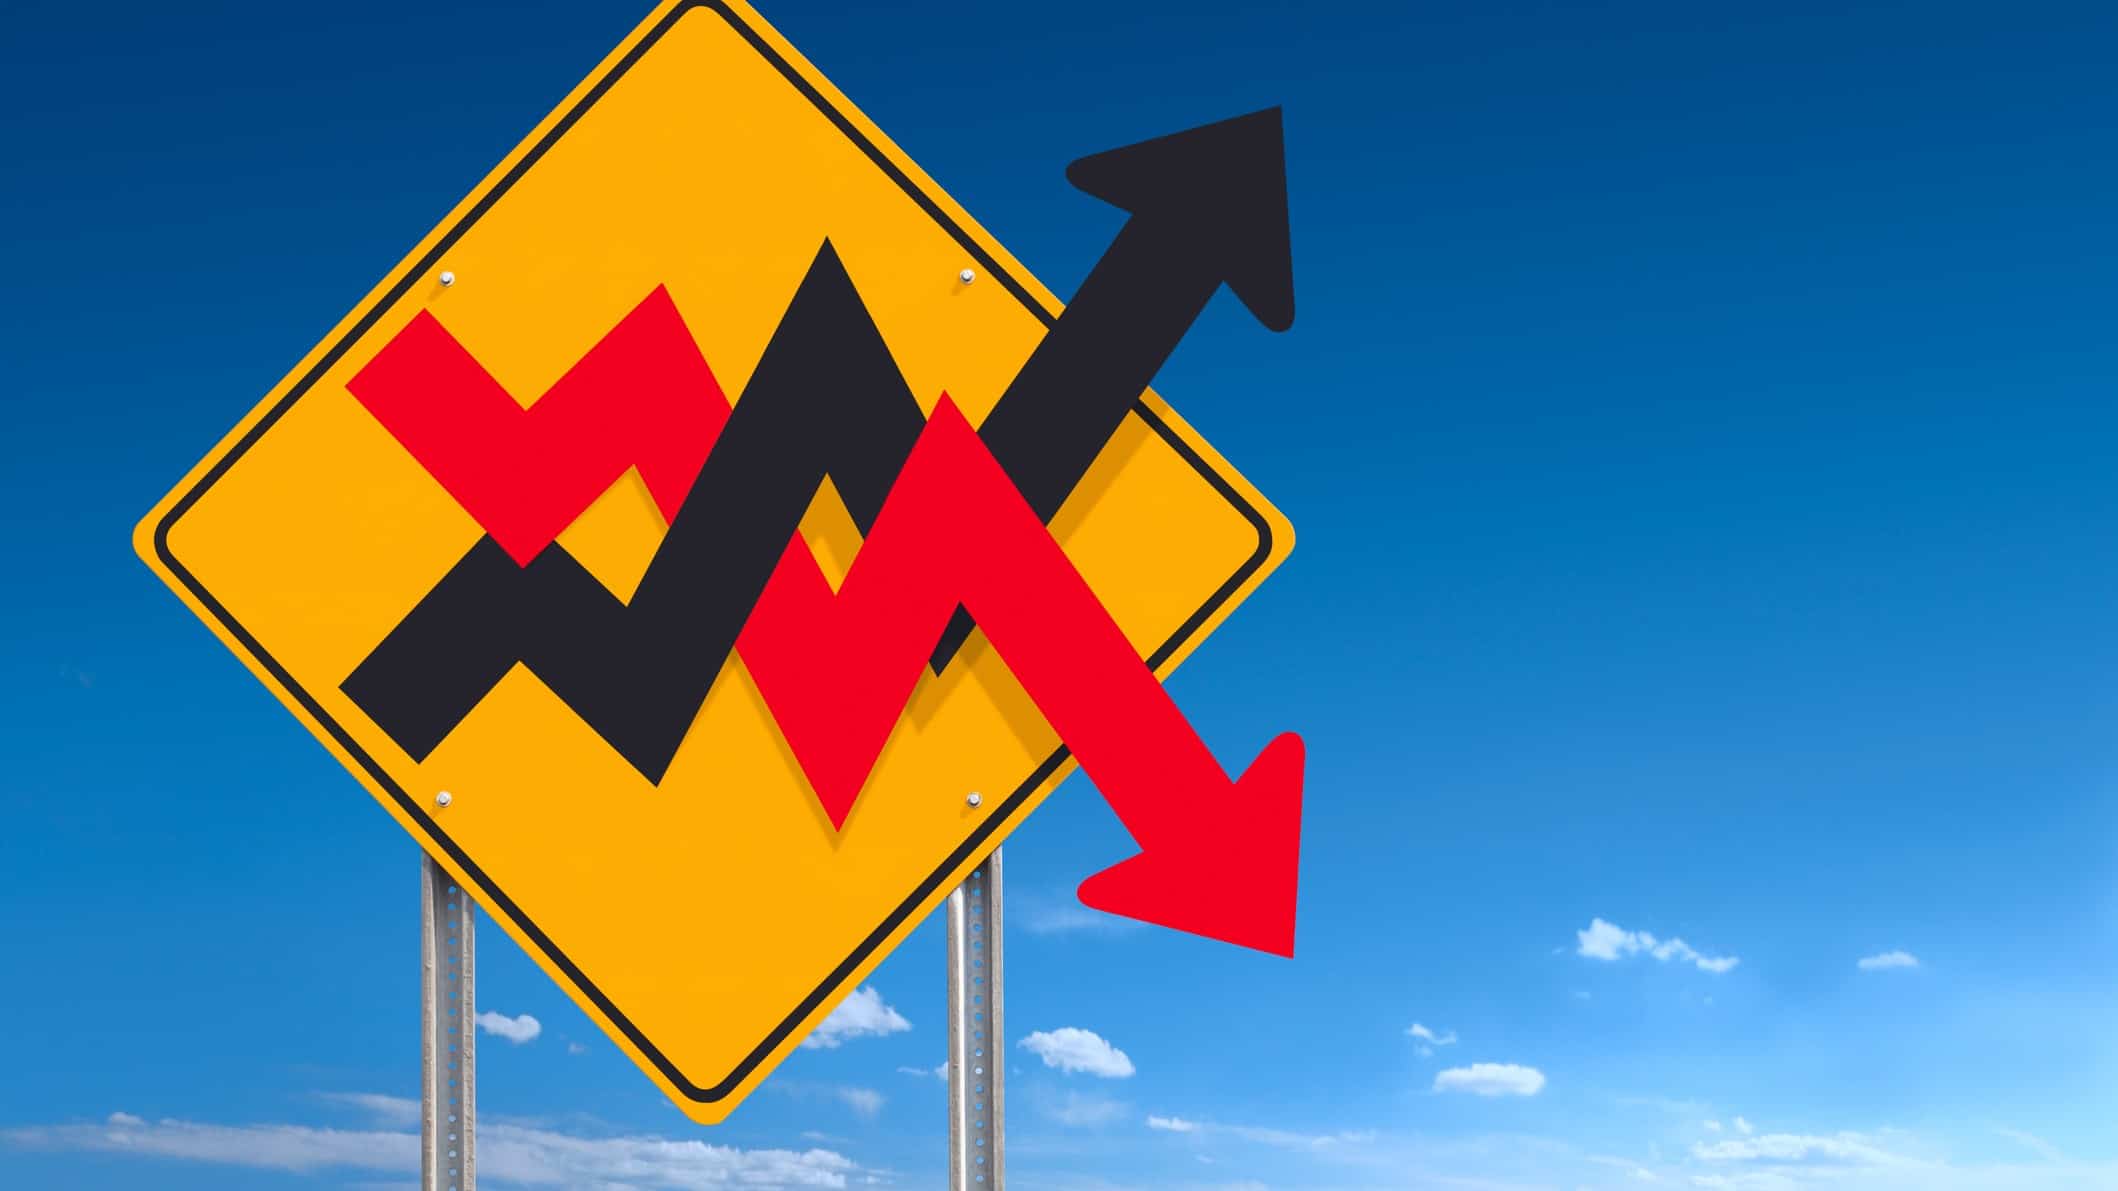 A yellow warning sign with black and red arrows going up and down, indicating ASX share market chaos
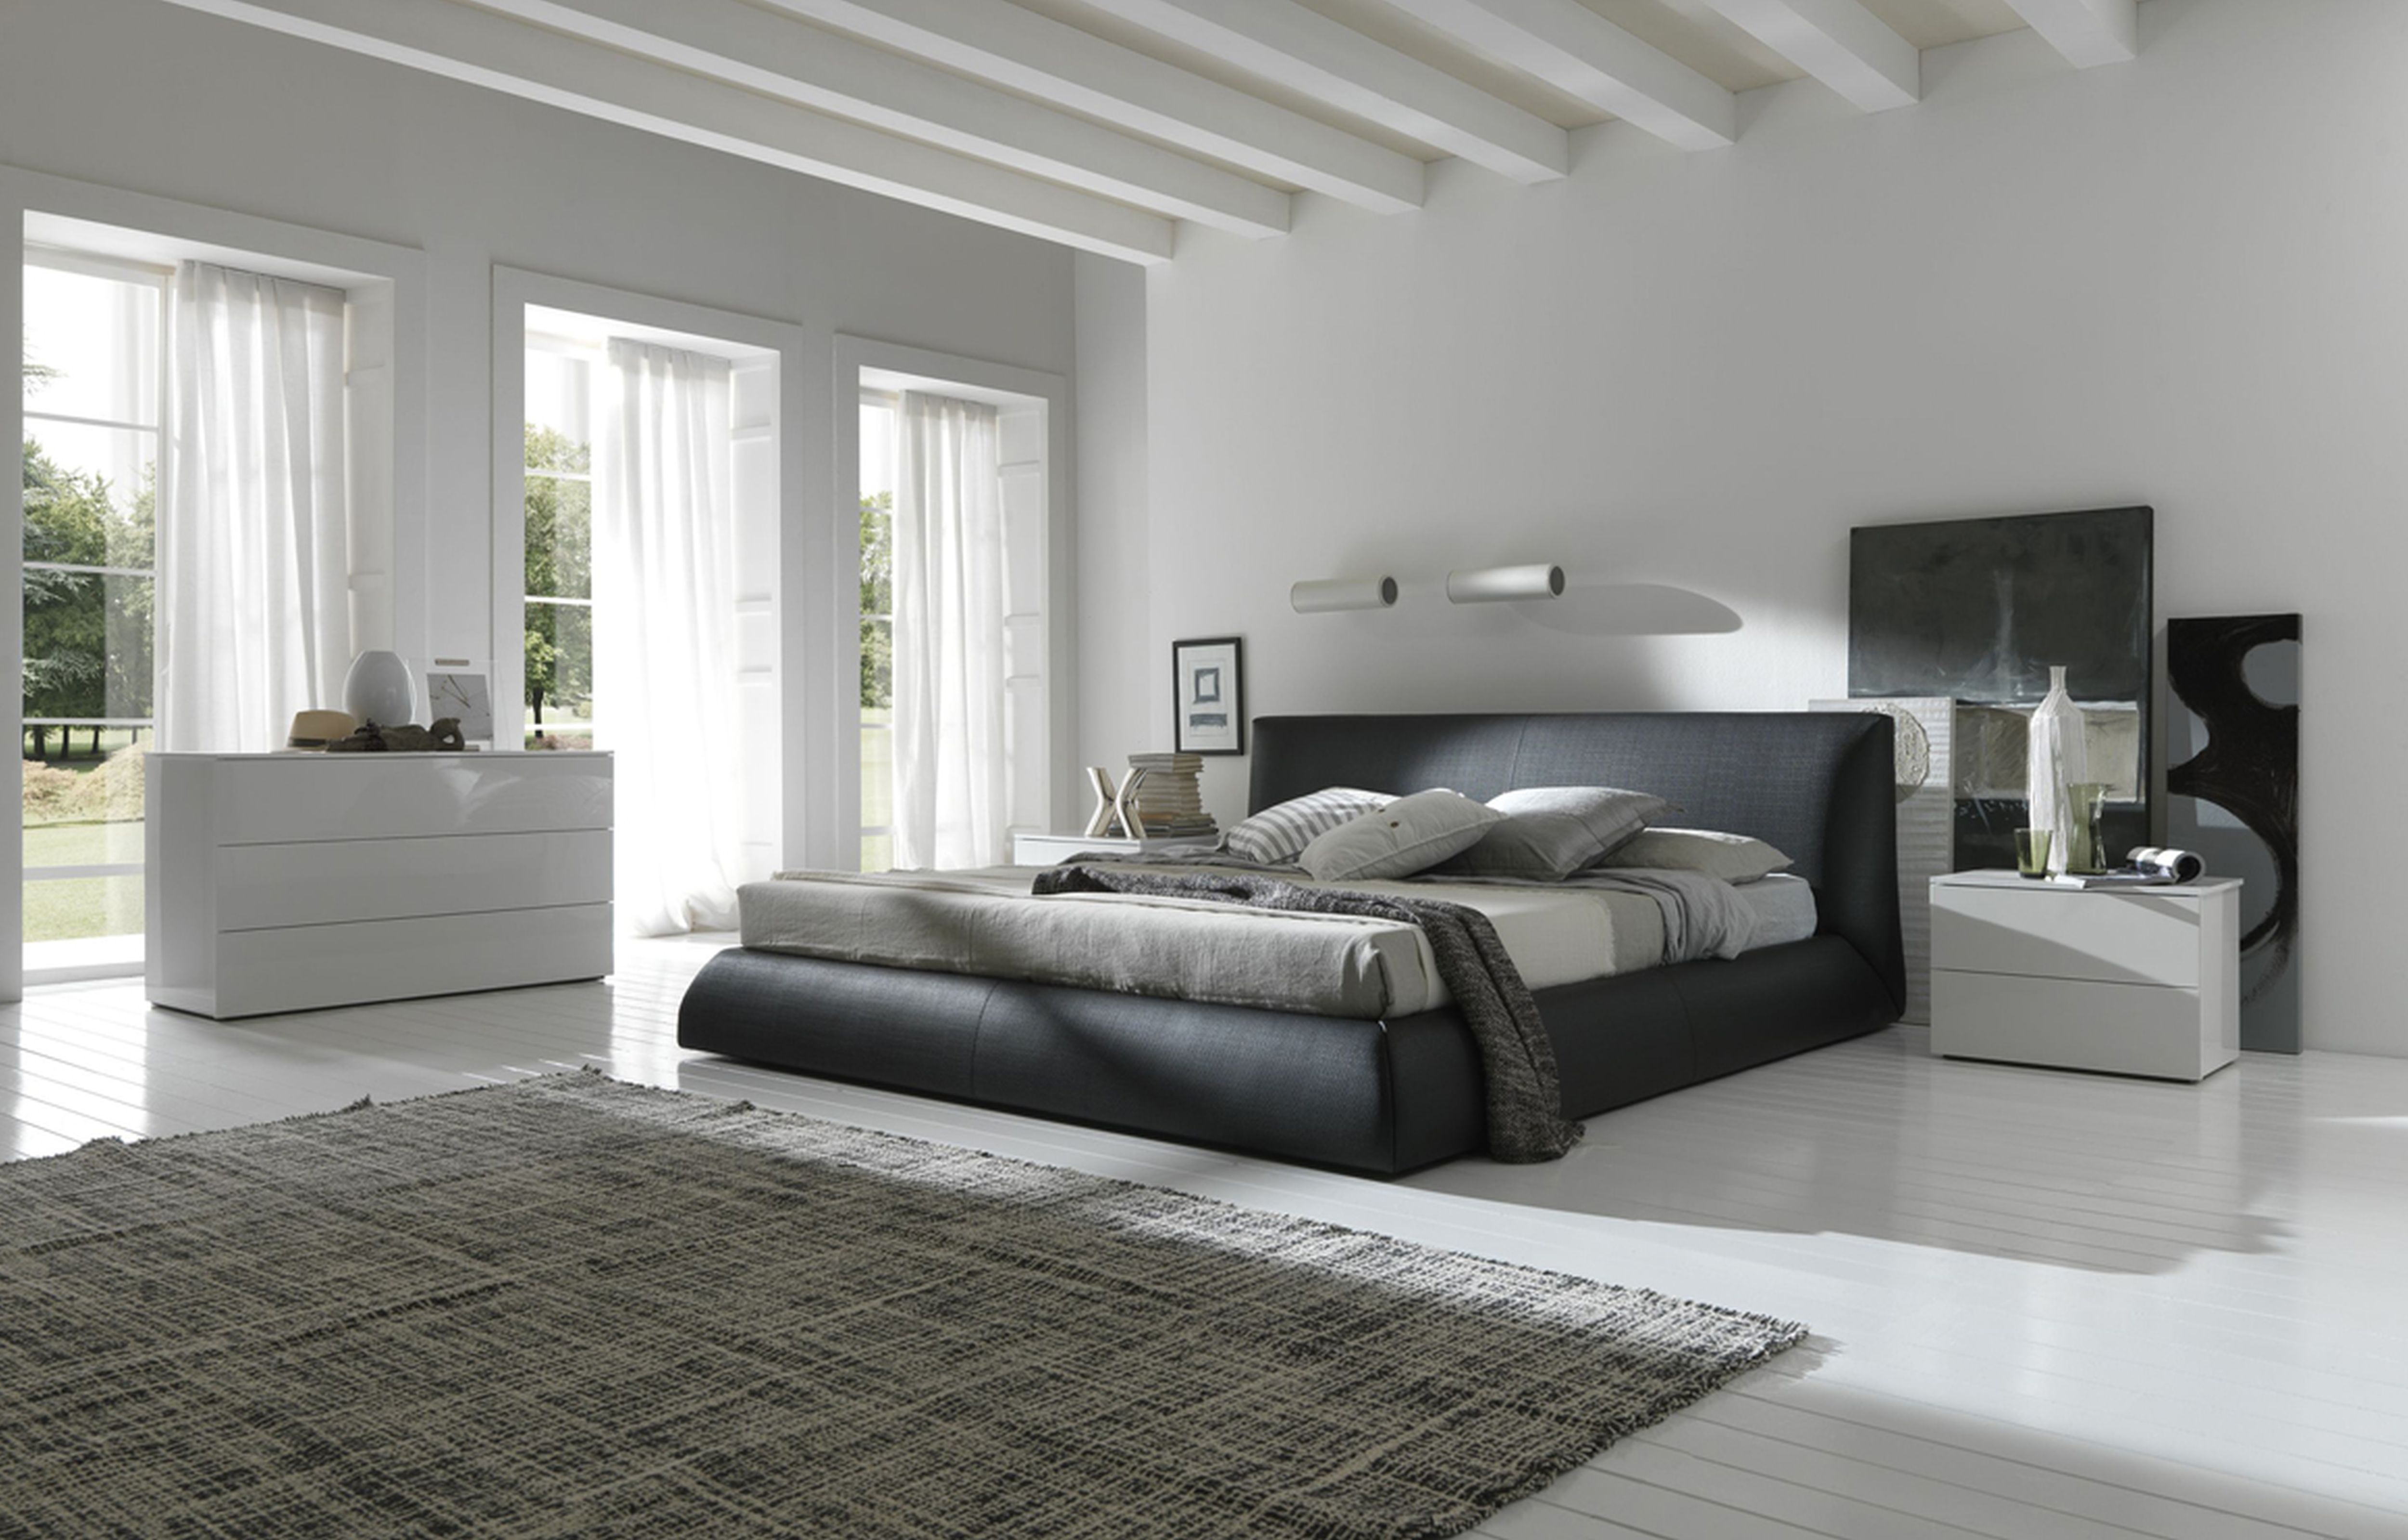 40 Modern Bedroom For Your Home
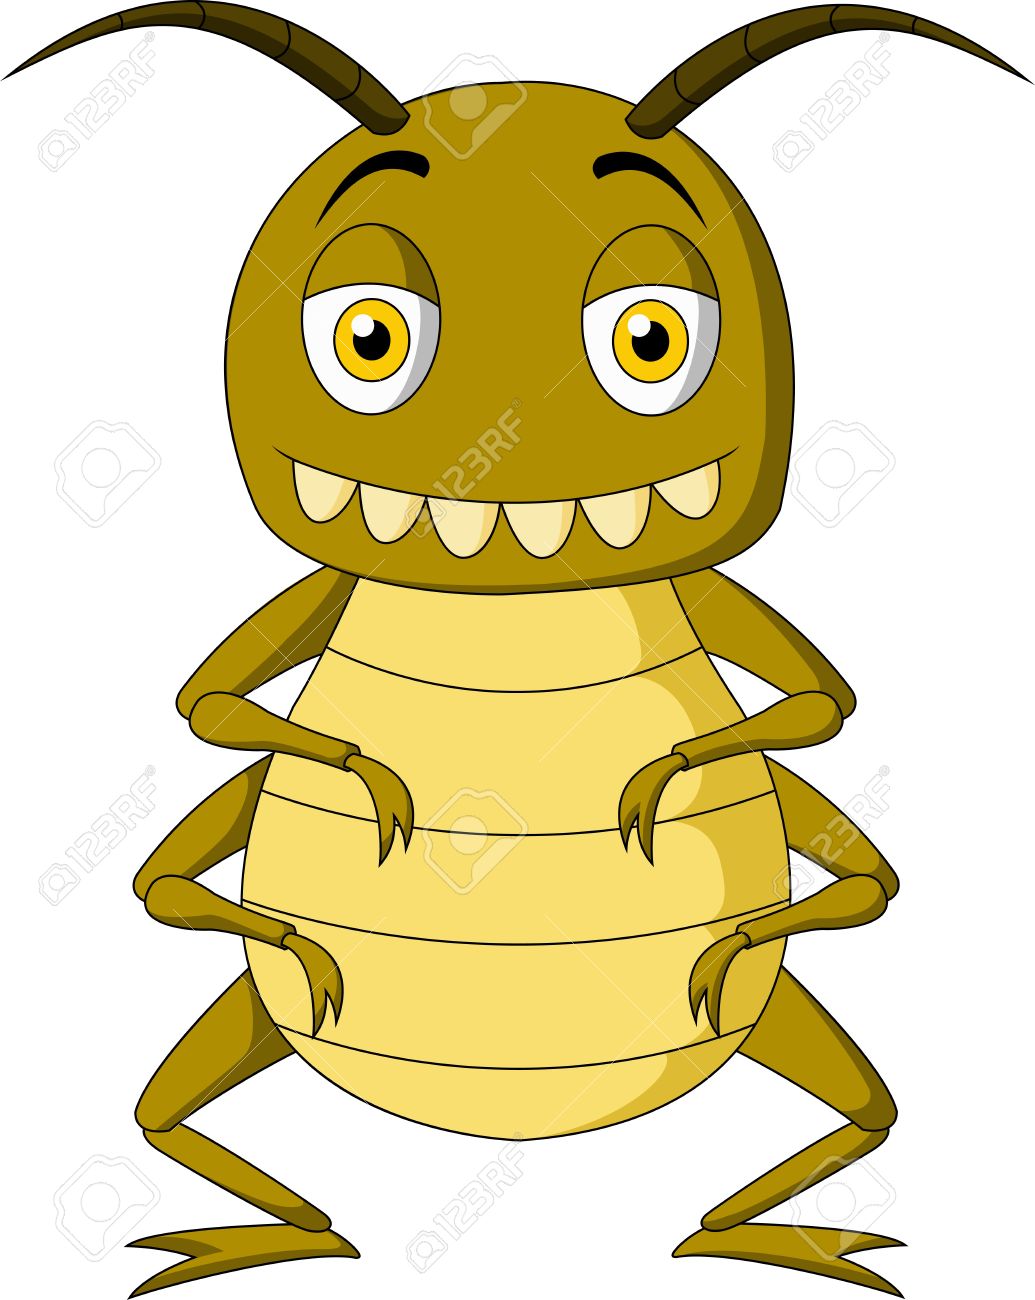 animated insects clipart - photo #37

──────

### TASK BRIEF
Return the listing exactly as it appears, excluding any image.

### SOLUTION
 A yellow warning sign with black and red arrows going up and down, indicating ASX share market chaos
 40 Modern Bedroom For Your Home
 animated insects clipart - photo #37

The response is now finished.